CHAPITRE UN

VILLE DE QUÉBEC, CANADA

Amara Dassilva avait toujours détesté trois choses dans la vie. D'un, les légumes verts en particulier le brocoli. De deux, l'injustice et de trois, d'être contrainte sans avoir de porte de sortie pour prendre le nord avant la tempête. Alors, passer cinq jours au bord du gouffre pendant qu'on avait besoin d'elle au travail était fort pénible pour la jeune femme de nature hyperactive. 

En ce matin frisquet du mois de mai deux-mille-vingt, Amara regarda le haut plafond blanc de sa chambre avec la sensation viscérale d'étouffer et d'être prisonnière de son propre corps. Sa poitrine se levait d'un mouvement saccadé, tandis que sa main droite reposait au-dessus de son coeur à la limite du fonctionnel. Des gouttes de sueur allèrent du haut de ses sourcils fournis jusqu'au bas de son visage aminci, puisqu'elle ne parvenait pas à garder autre chose qu'une soupe aussi fade qu'un biscuit soda faible en sel. Ses longs cheveux foncés collaient sur sa nuque de manière fort désagréable.
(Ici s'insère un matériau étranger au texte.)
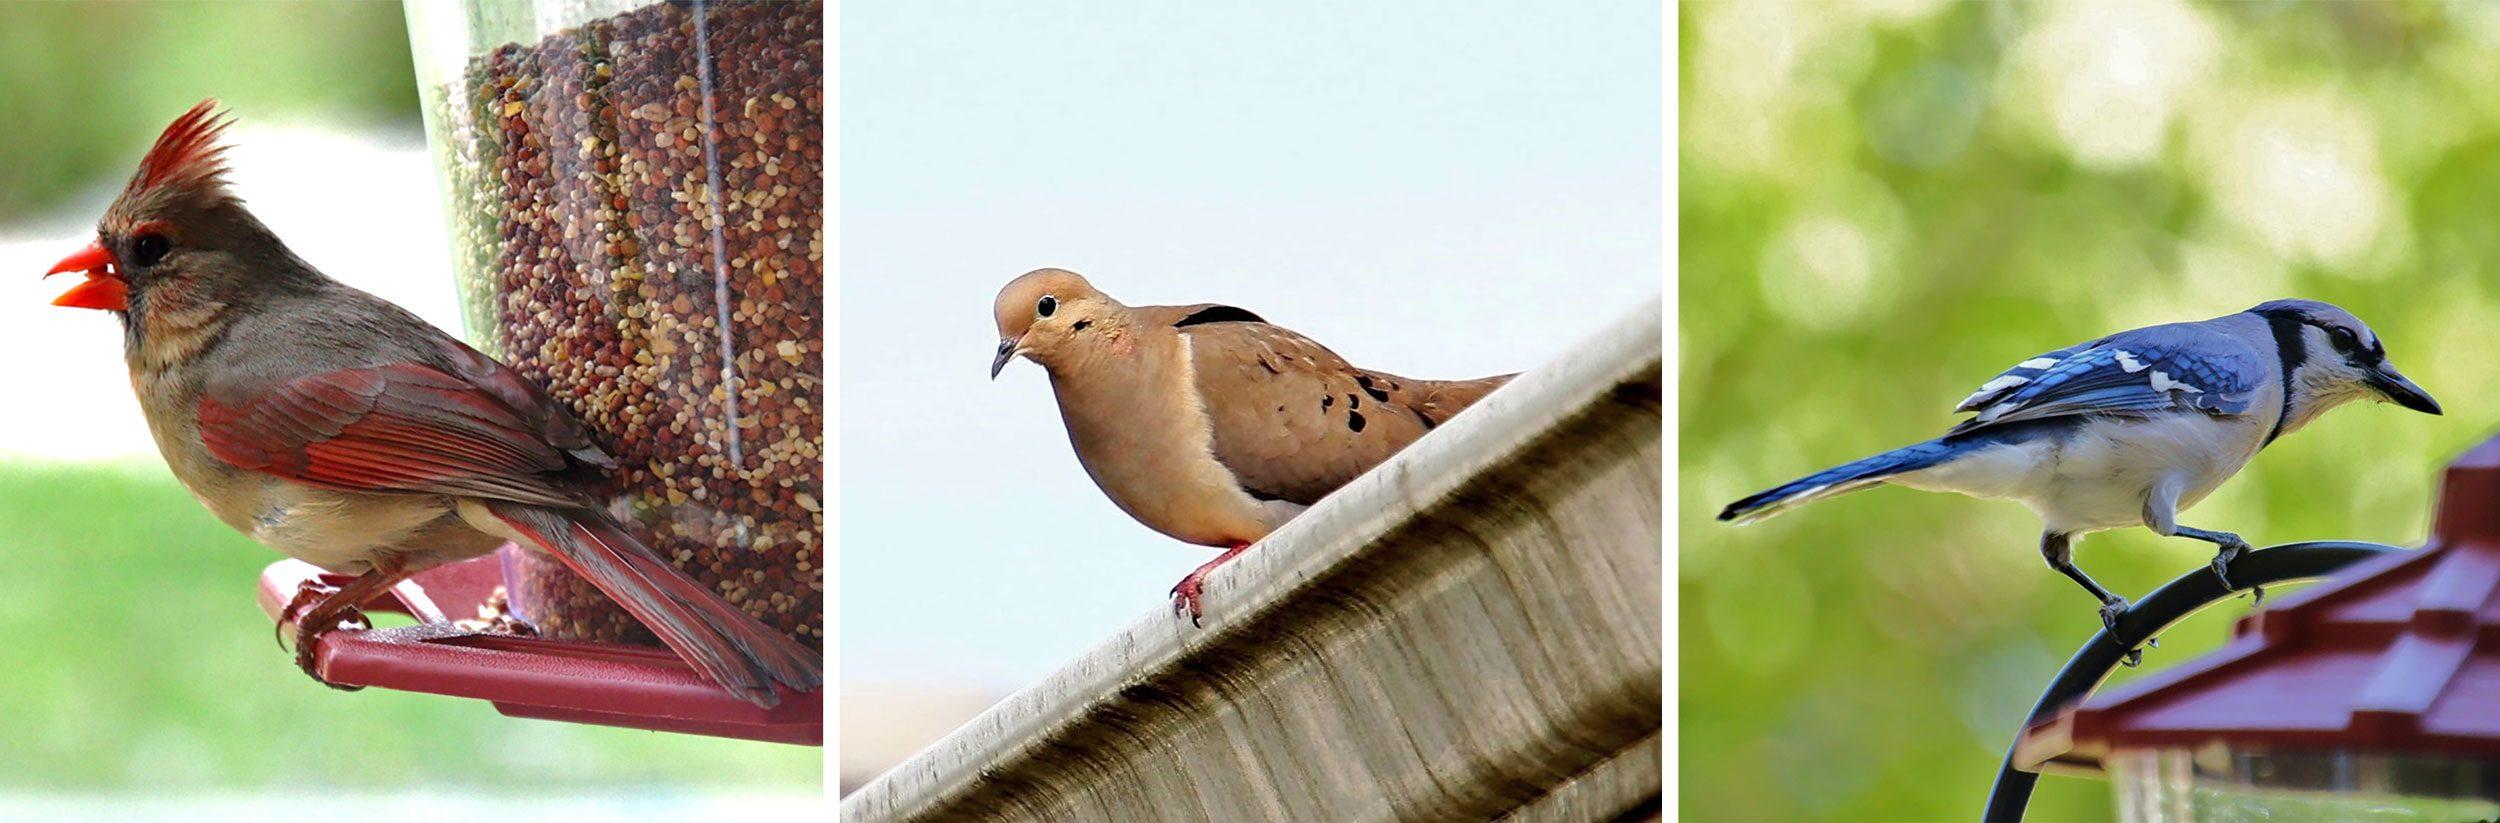 photos of birds by Joe Hall

En temps normal, à cette heure, elle viendrait d'arriver à l'hôpital et se préparerait pour sa journée armée de son éternel café beaucoup trop sucré. Infirmière fraîchement diplômée depuis un an, Amara songeait aux patients qu'elle aurait dû aider et soigner. Il y avait un important manque de personnel, donc son absence prolongée allait causer des conséquences autant pour ses collègues surchargés que pour les malades de son unité. Ses yeux noirs en forme d'amande s'embuèrent de larmes, augmentant le thermomètre de sa mauvaise humeur déjà exécrable. Sa meilleure amie également infirmière ne savait plus quoi penser de son état général, ne cessant de se dégrader. Ce virus semblait être l'influenza fusionnée avec la peste et la tuberculose! Bon d'accord elle exagérait, mais cela fit naître un bref sourire sur son visage blafard.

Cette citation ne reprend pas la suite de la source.